Douglas_Gregor · May 2, 2022, 10:26pm

I'm +1 on the proposal as written. Lots more commentary below.

This is really the fundamental question for this proposal. Aside from two minor things called out in the proposal (multiple layers of optionality, named captures), everything this proposal does is expressible via regex builders. Regex builders are clear and expressive, and I can absolutely see myself wanting to use them for complicated regular expressions. But they are really quite verbose.

We also need runtime construction of regexes, because people will want to take regexes as inputs. The syntax for these is effectively settled outside of Swift, so arguments that regex syntax is bad and therefore we shouldn't do anything but regex builders in Swift don't make sense to me. Now, these regexes are quite concise, sometimes to a fault (especially for big regexes), but for simple matches they are great, and online references for regexes are plentiful.

That leaves a gap between "type safe and expressive but verbose" and "not type safe but concise", and we don't want to make this a choice between "verbose" and "not type safe." Hence, this proposal to add regex literals as the in-between that is both concise and type-safe. Starting from the concise runtime regex syntax and giving it strong type information is absolutely the right approach to fill that gap.

Really, the only point of discussion here is the delimiters. The proposal suggests /.../, which is precedented in Perl, JavaScript, and Ruby, as well as command-line tools like sed. /.../ also extends out to raw literals #/...#/ and multi-line literals in a natural way, echoing raw string literals.

As for alternatives, there aren't that many that make sense. Most-discussed here is #regex(...). It does have the advantage of implying that the result will be a Regex. It's not eliminating the need to bake regex syntax into the language, or making regex syntax easier to understand. #regex(...) doesn't fit well with others things that share its syntactic form, like #selector(...) or #available(...), because there the ... is always delimiter-balanced, which regex literals aren't. The suggestion for #regex/.../ sorta addresses that, but now it's even more different from #selector(...) et al. And unlike the proposed /.../ syntax, #regex(...) also doesn't adapt to raw and multi-line literals as well: would we use #regex#(...#)? #regex(#/...#/)?

If not for the source-compatibility issue with /.../, I don't think we would be discussing #regex(...). Aside from "it has regex in the name", it's worse than the proposed /.../ in almost every way. And we don't really have other great alternatives on the table.

So, let's talk about source compatibility.

Swift tries to be forward-looking: we decide where we want to be, then figure out how to get there, and when.

Sometimes there's no way to get there, and we have to go back and try a new design. The /.../ syntax is not such a huge source break that we cannot ever get there. We're working toward Swift 6, which has already queued up some source-breaking changes (for trailing closures, any, #file). Against that backdrop, it is easy to justify the narrow source break that comes from /.../ literals. So if we're to argue against /.../ due to the source-compatibility issues, at most it's an argument not to permit /.../ in Swift 5.x mode. It's not an argument for another, second-best syntax.
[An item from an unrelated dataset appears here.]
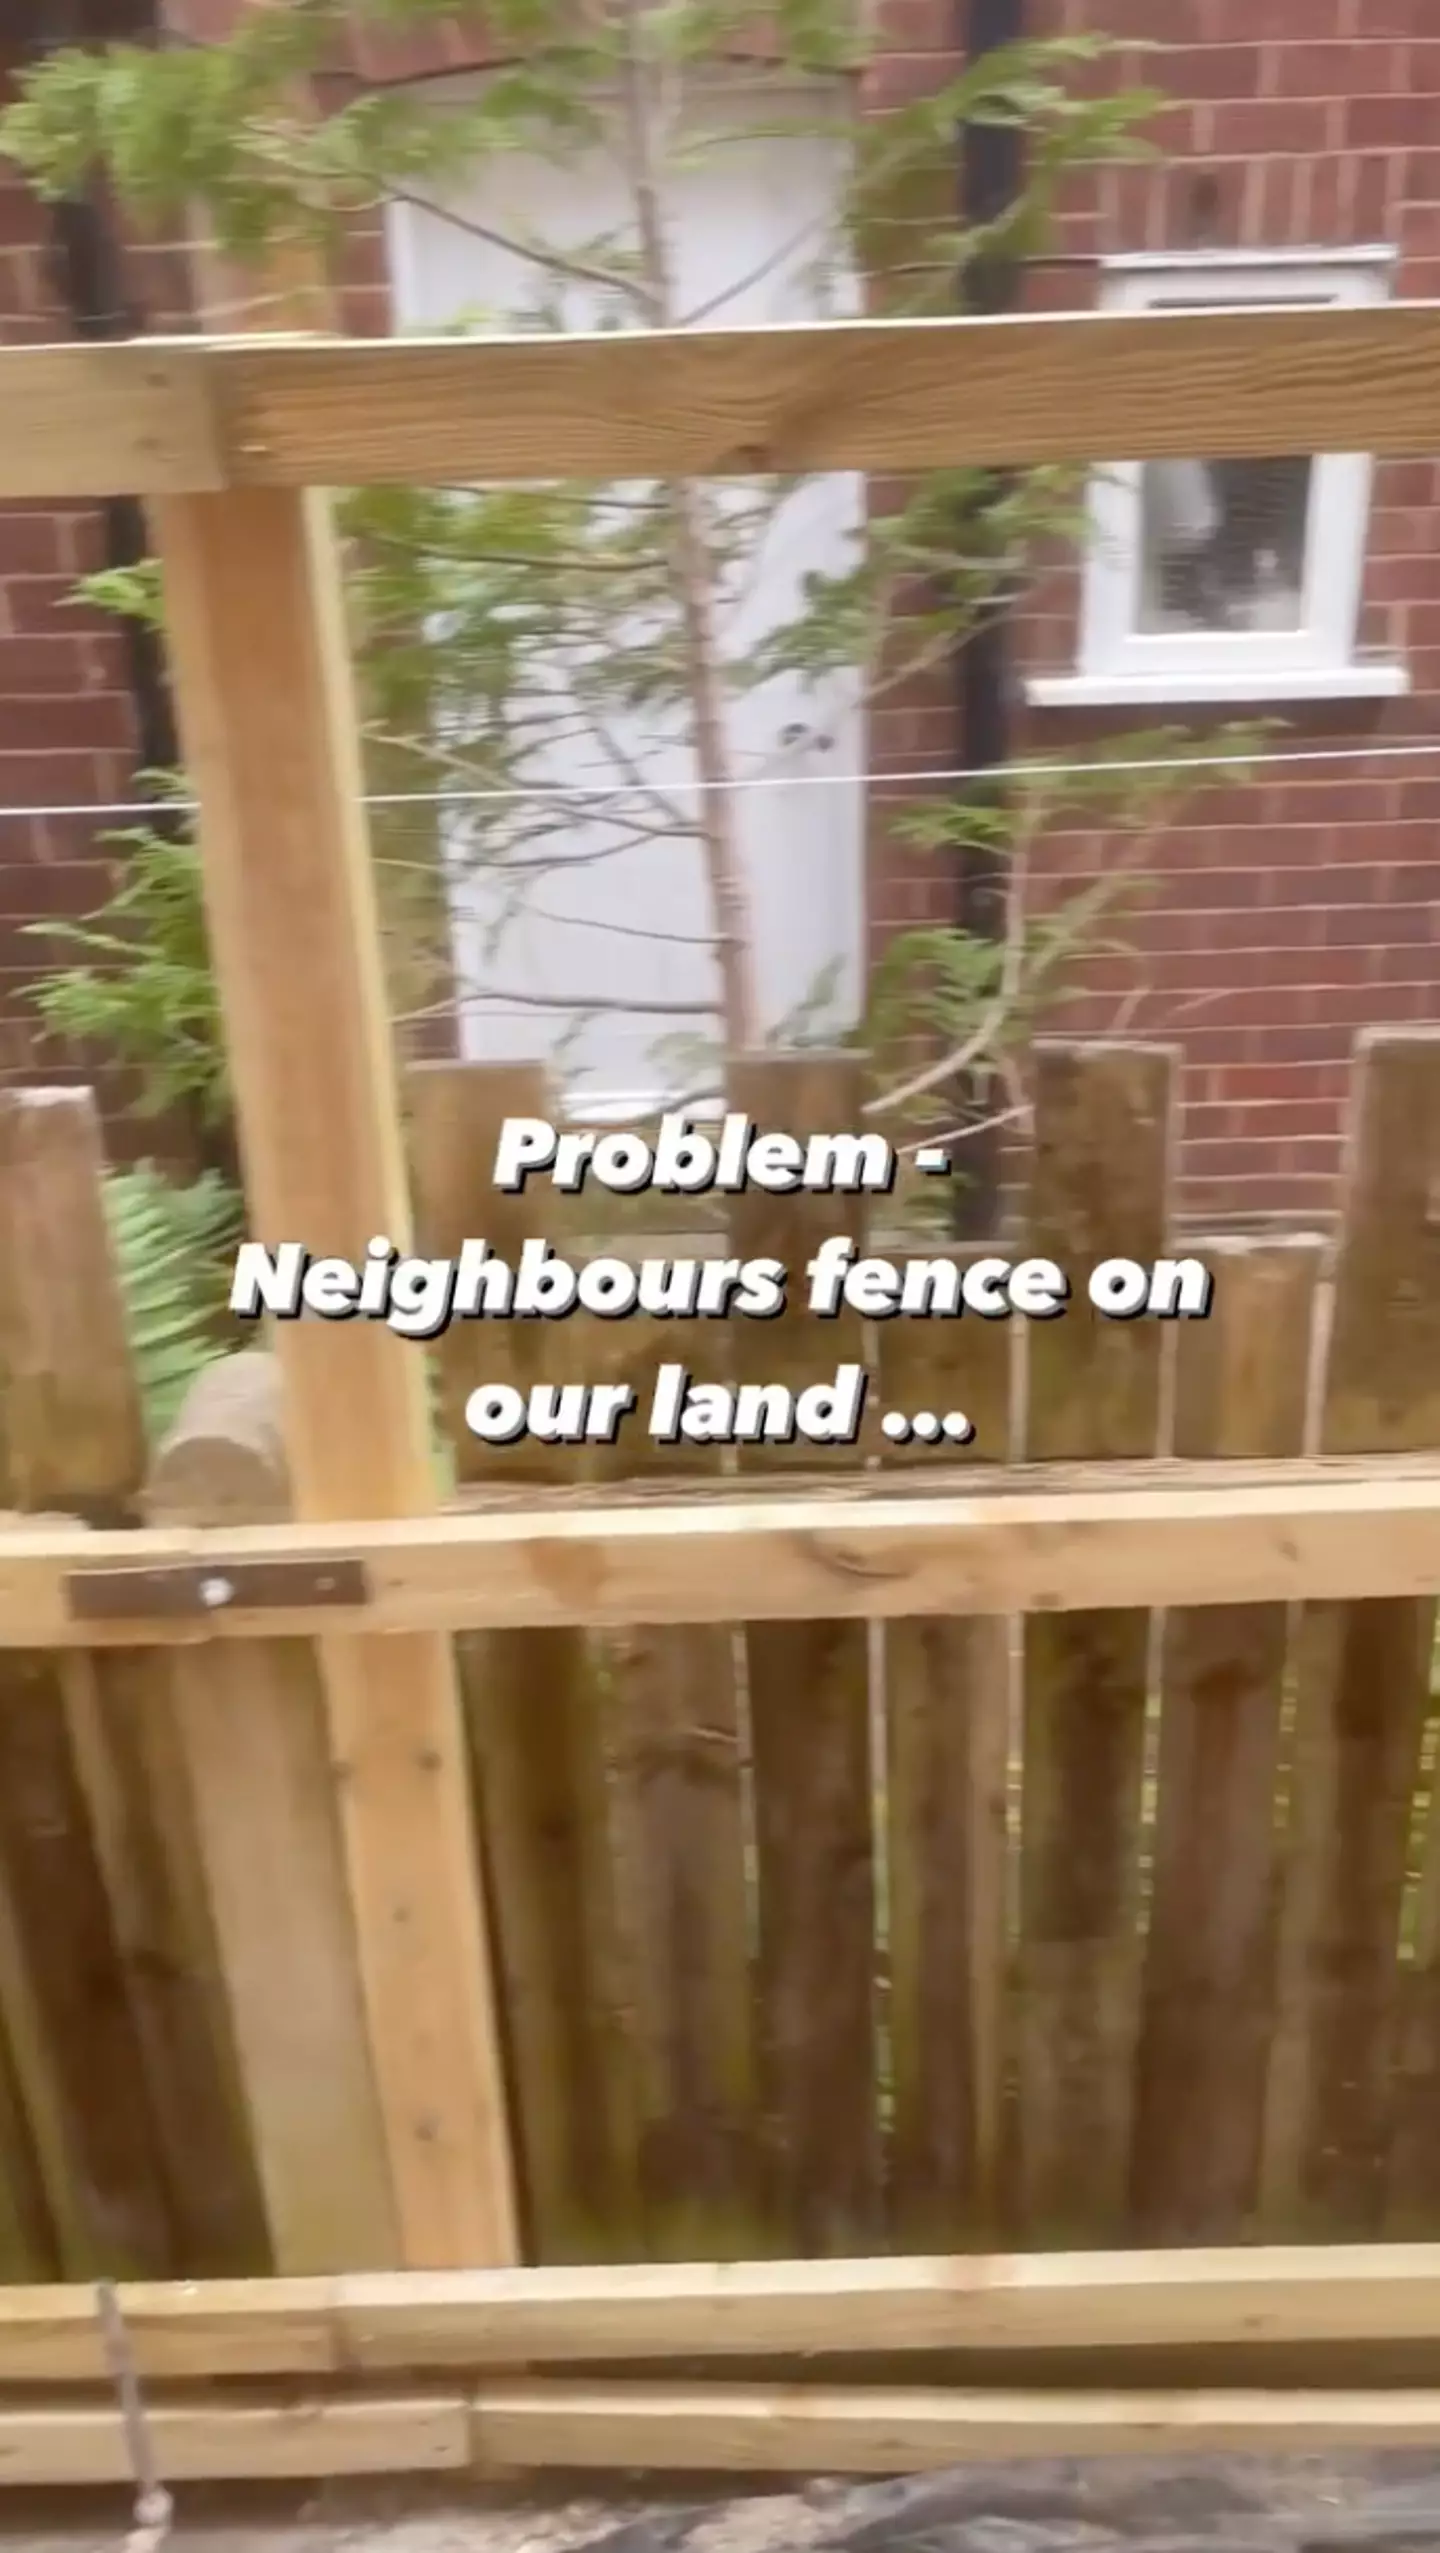 They said the fence was built on their land.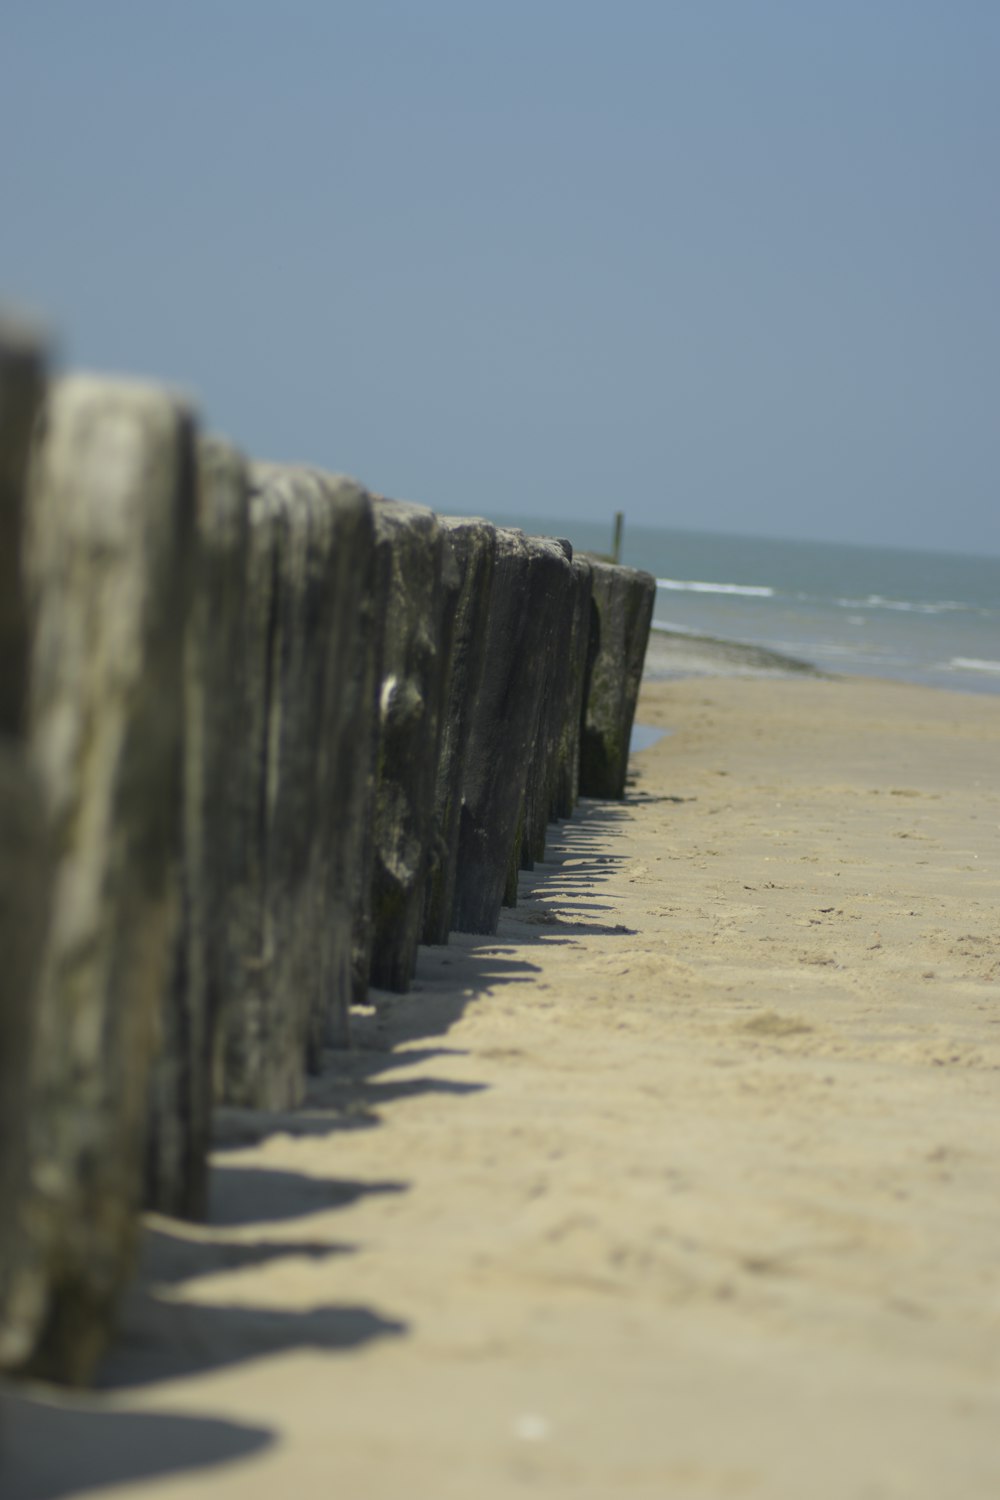 gray wooden fence on beach during daytime

We've also made source-breaking changes within Swift 5.x. The introduction of the await keyword just this last year was source-breaking, because one could previously have defined a function named await and called it with await(1, 2). That didn't prevent us from taking the syntax we wanted for async/await, even though (based on the fixes I ended up doing personally), I suspect it caused more failures in practice than the 16/2968 failures reported for /.../. We didn't even stage that change in with a compiler flag; just a warning in Swift 5.4 that said "this is going to break" before we broke it in Swift 5.5 six months later.

The proposed /.../ source break is gentler than what we did with await, because it's under the control of a flag. In the run-up to Swift 6, we should be embracing this approach wholeheartedly, such that each Swift 6 source break has a flag associated with it so folks can nudge their Swift 5.x code along toward Swift 6 incrementally, gaining the benefits that came with each of these changes. I have a design in mind for this that I'll bring up in another discussion.

Swift's source stability has gotten massively better since the turbulent days of Swift 1-4, but it's not an absolute. I hope it never becomes an absolute, because that would lead us into bad long-term decisions.

I consider the intense focus on source compatibility in this review to be overblown. If #regex(...) is the better syntax, argue that without reference to source compatibility, and give it the same level of in-depth design that the authors have provided for /.../. I've thought about #regex(...) and found enough holes in the design (noted above) that it's a very distance second choice to me.

Doug